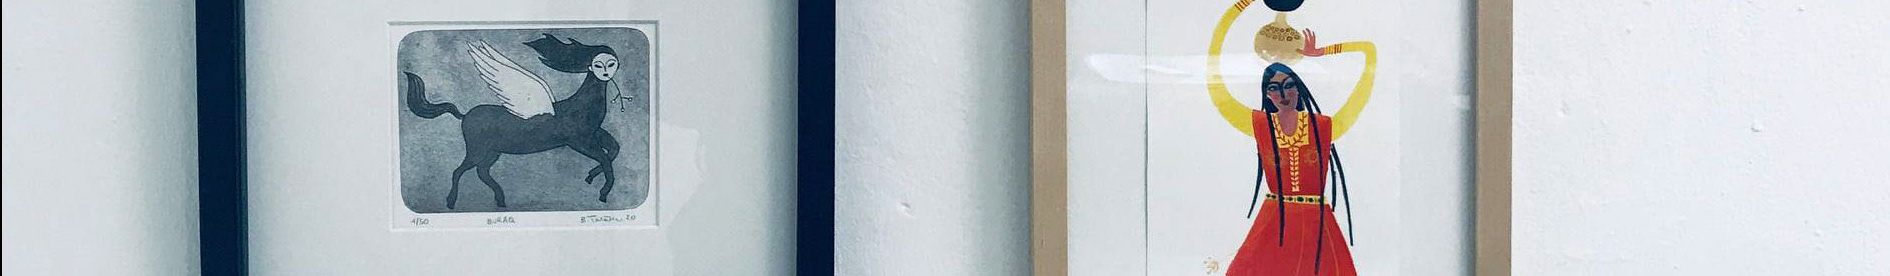 bianca tschaikner's profile banner
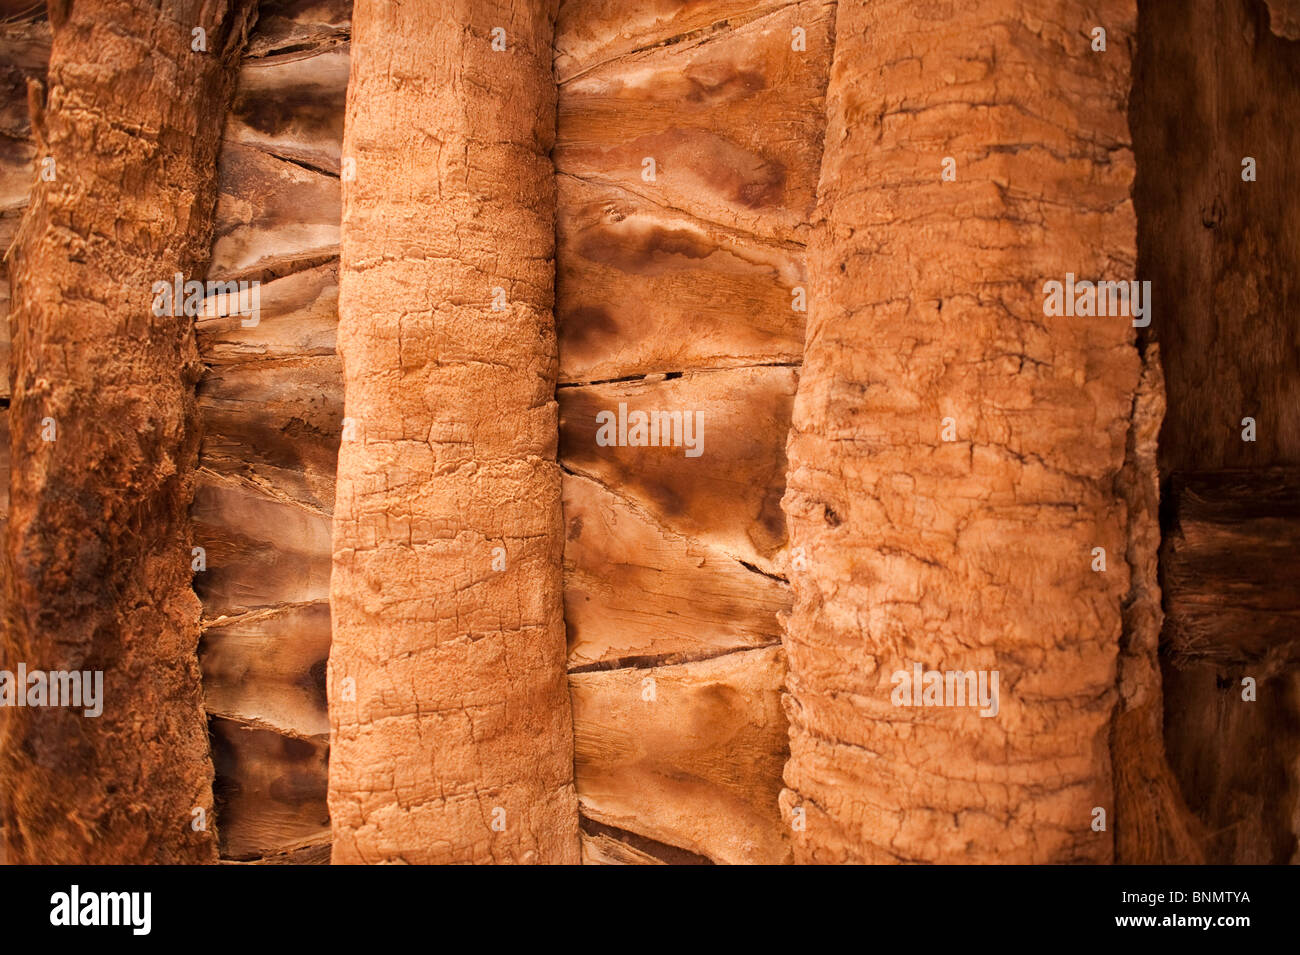 Palm, cadre traditionnel de Figuig, province de Figuig, région orientale, le Maroc. Banque D'Images
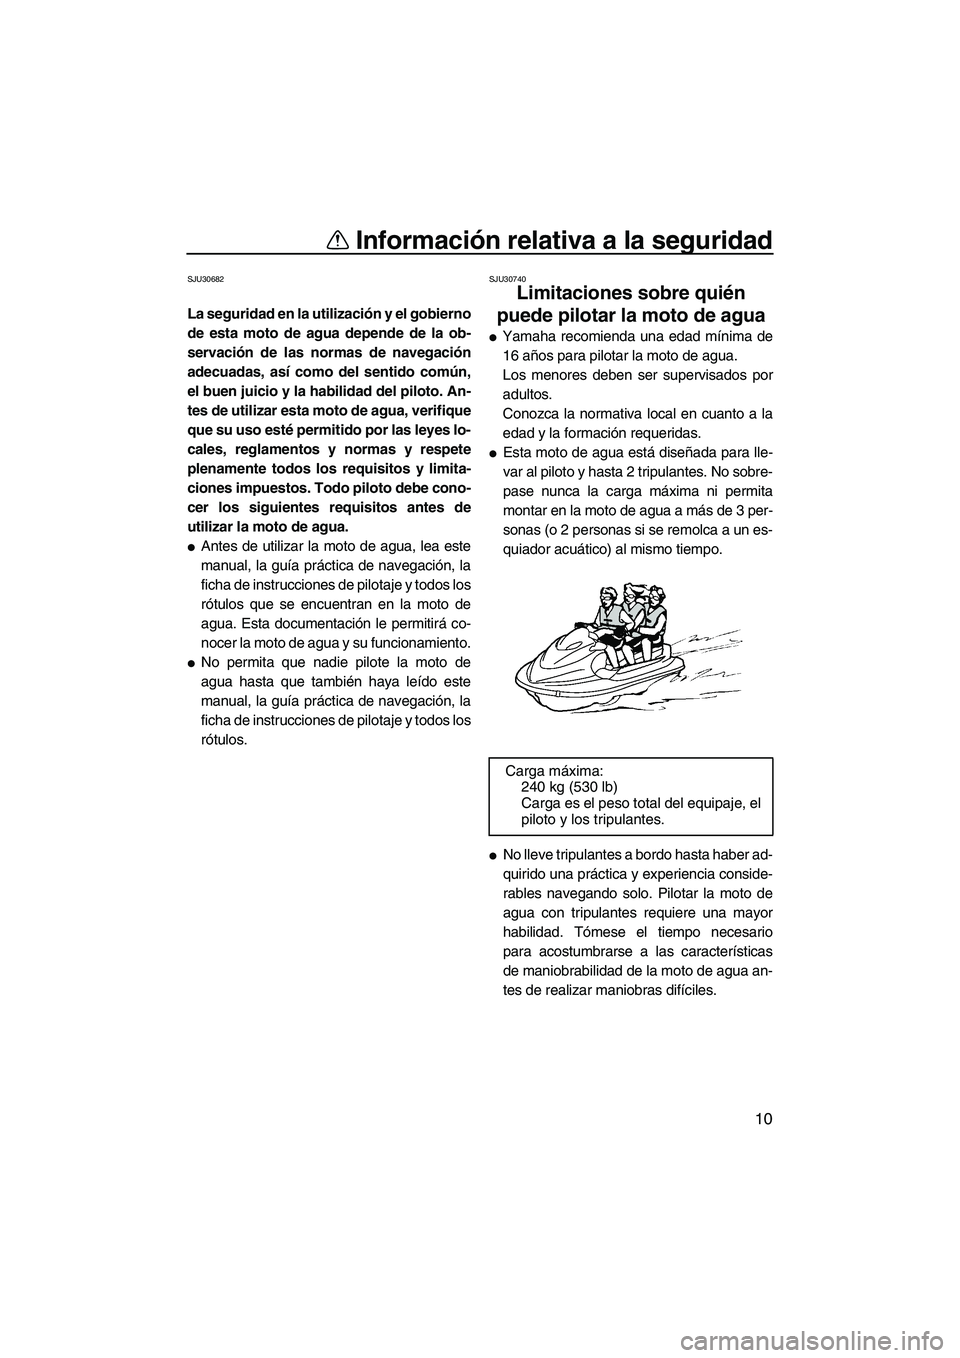 YAMAHA VXS 2013  Manuale de Empleo (in Spanish) Información relativa a la seguridad
10
SJU30682
La seguridad en la utilización y el gobierno
de esta moto de agua depende de la ob-
servación de las normas de navegación
adecuadas, así como del s
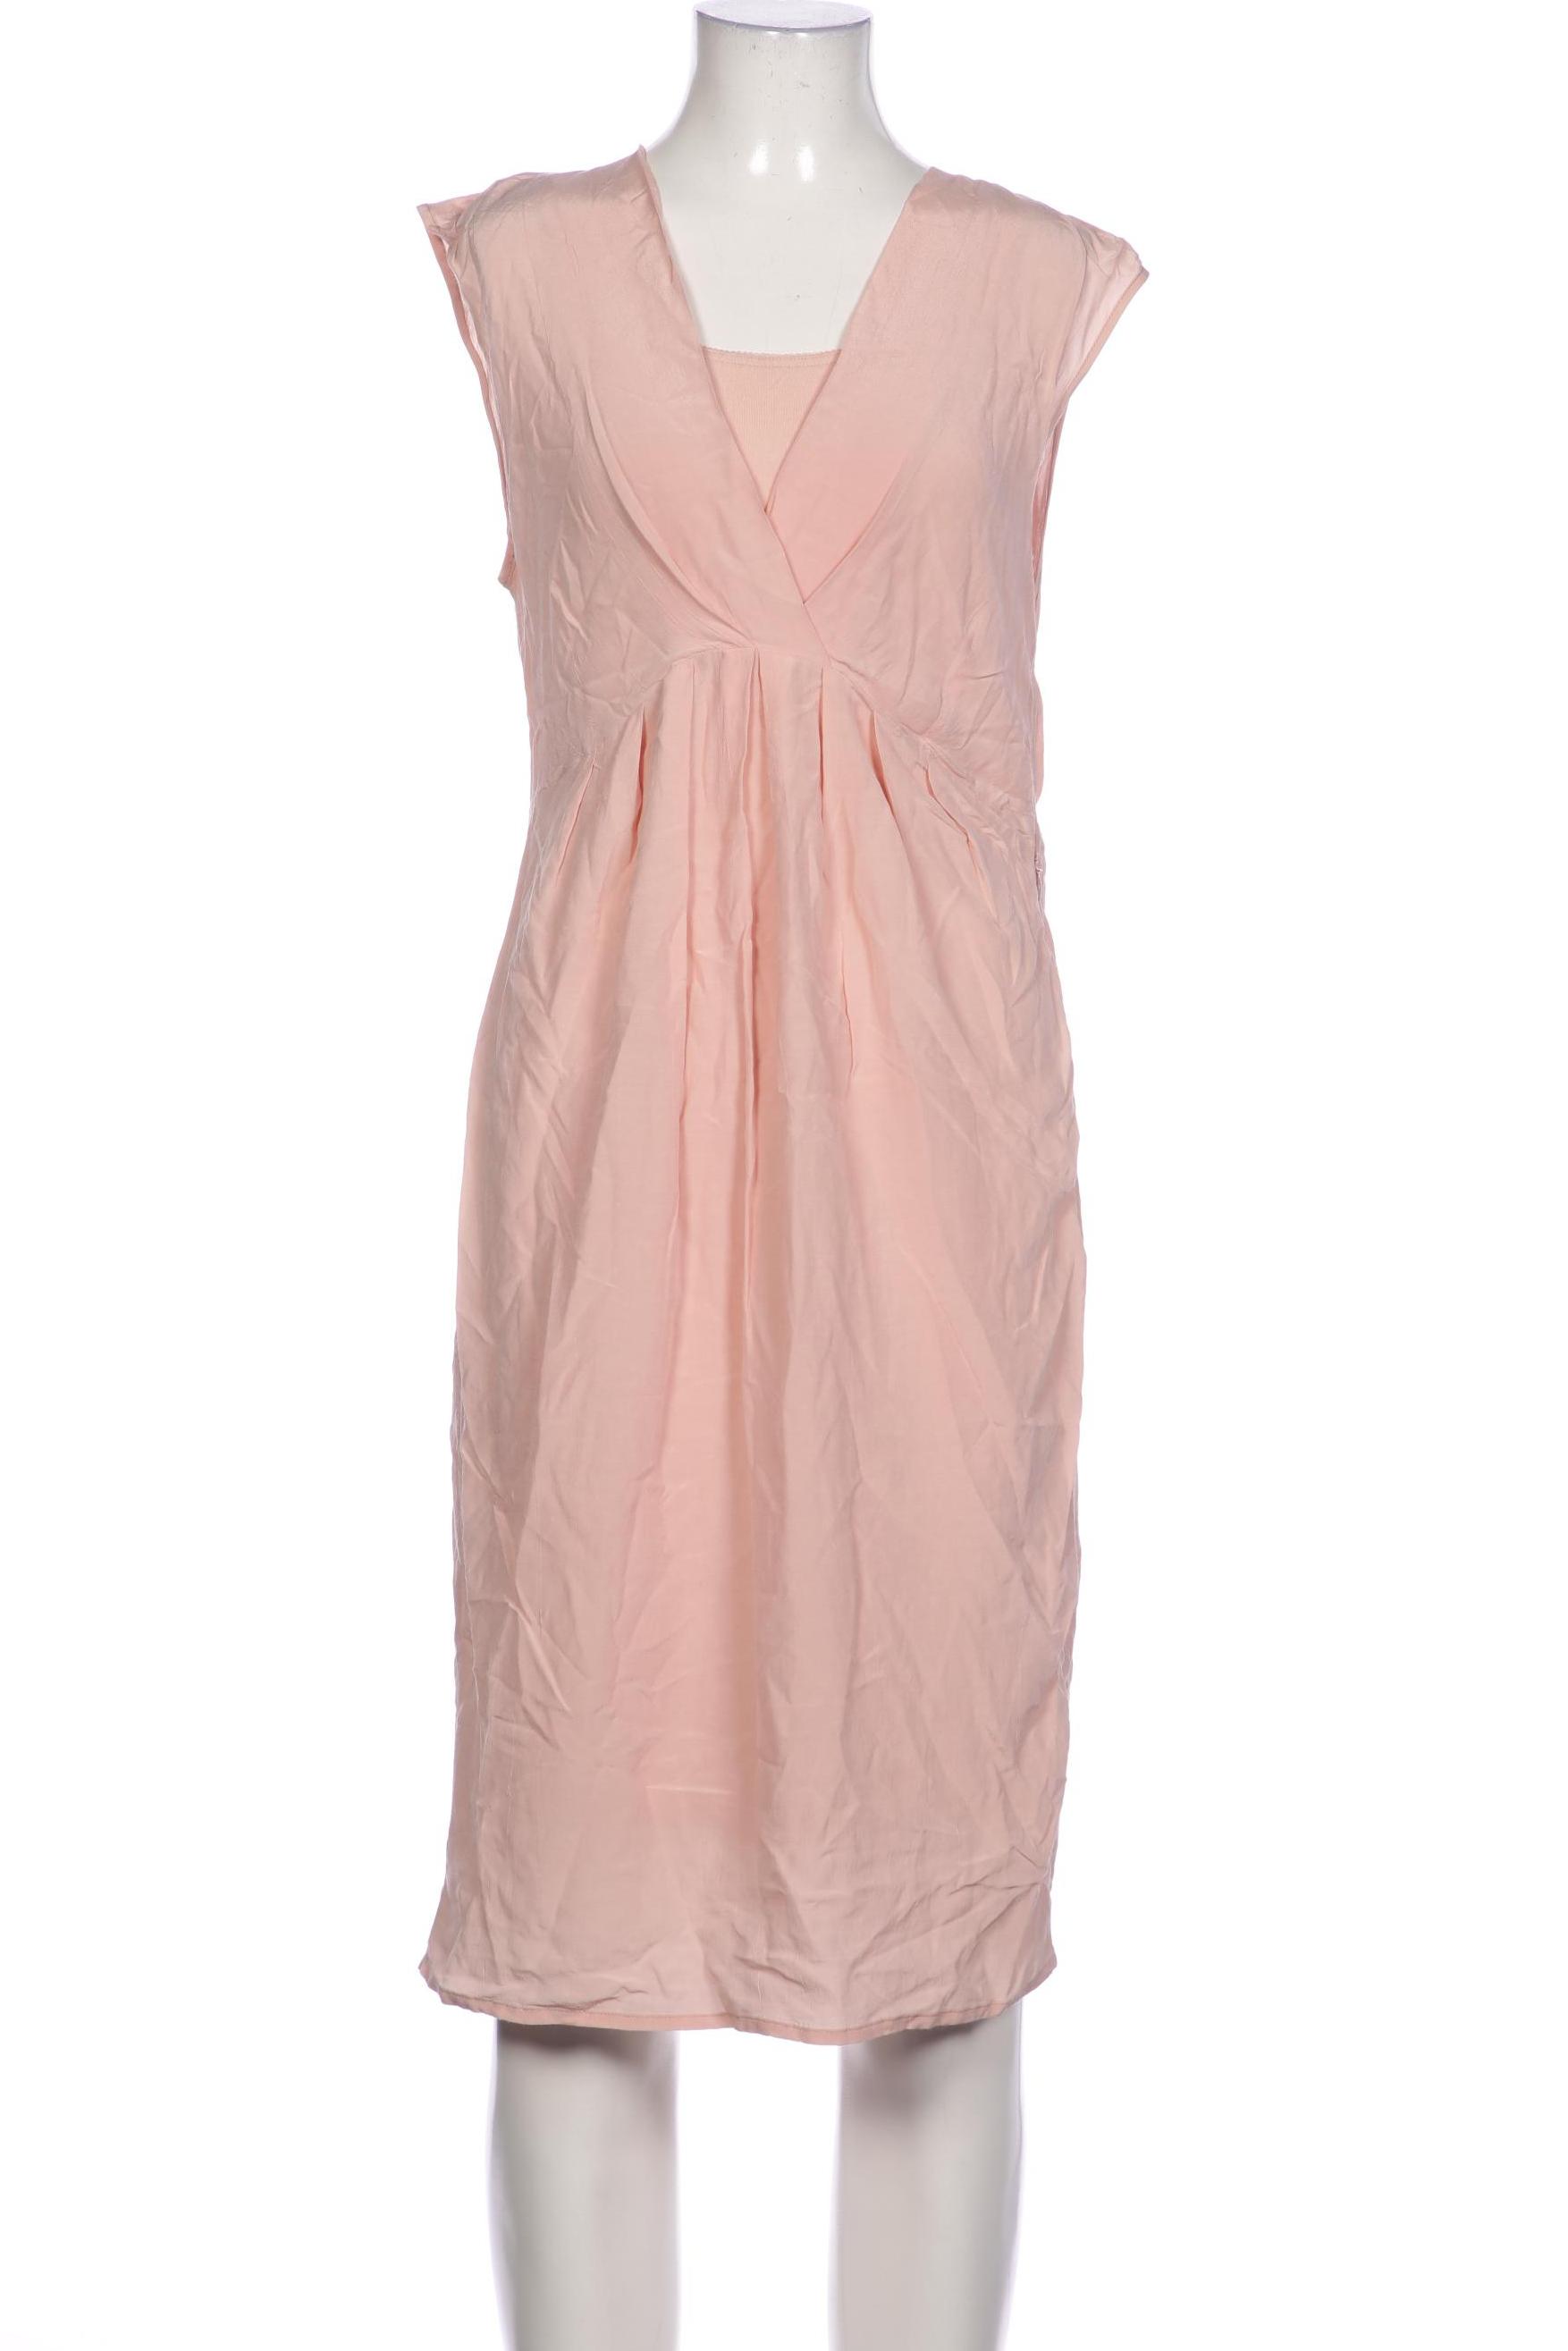 EXPRESSO Damen Kleid, pink von EXPRESSO

:::::

■ **AIM OF THE EXERCISE**:
Leaving out the pictures, repeat the data above exactly.

■ **SOLUTION BELOW**:
 bianca tschaikner's profile banner
 Palm, cadre traditionnel de Figuig, province de Figuig, région orientale, le Maroc. Banque D'Images
 YAMAHA VXS 2013  Manuale de Empleo (in Spanish) Información relativa a la seguridad
10
SJU30682
La seguridad en la utilización y el gobierno
de esta moto de agua depende de la ob-
servación de las normas de navegación
adecuadas, así como del s
 EXPRESSO Damen Kleid, pink von EXPRESSO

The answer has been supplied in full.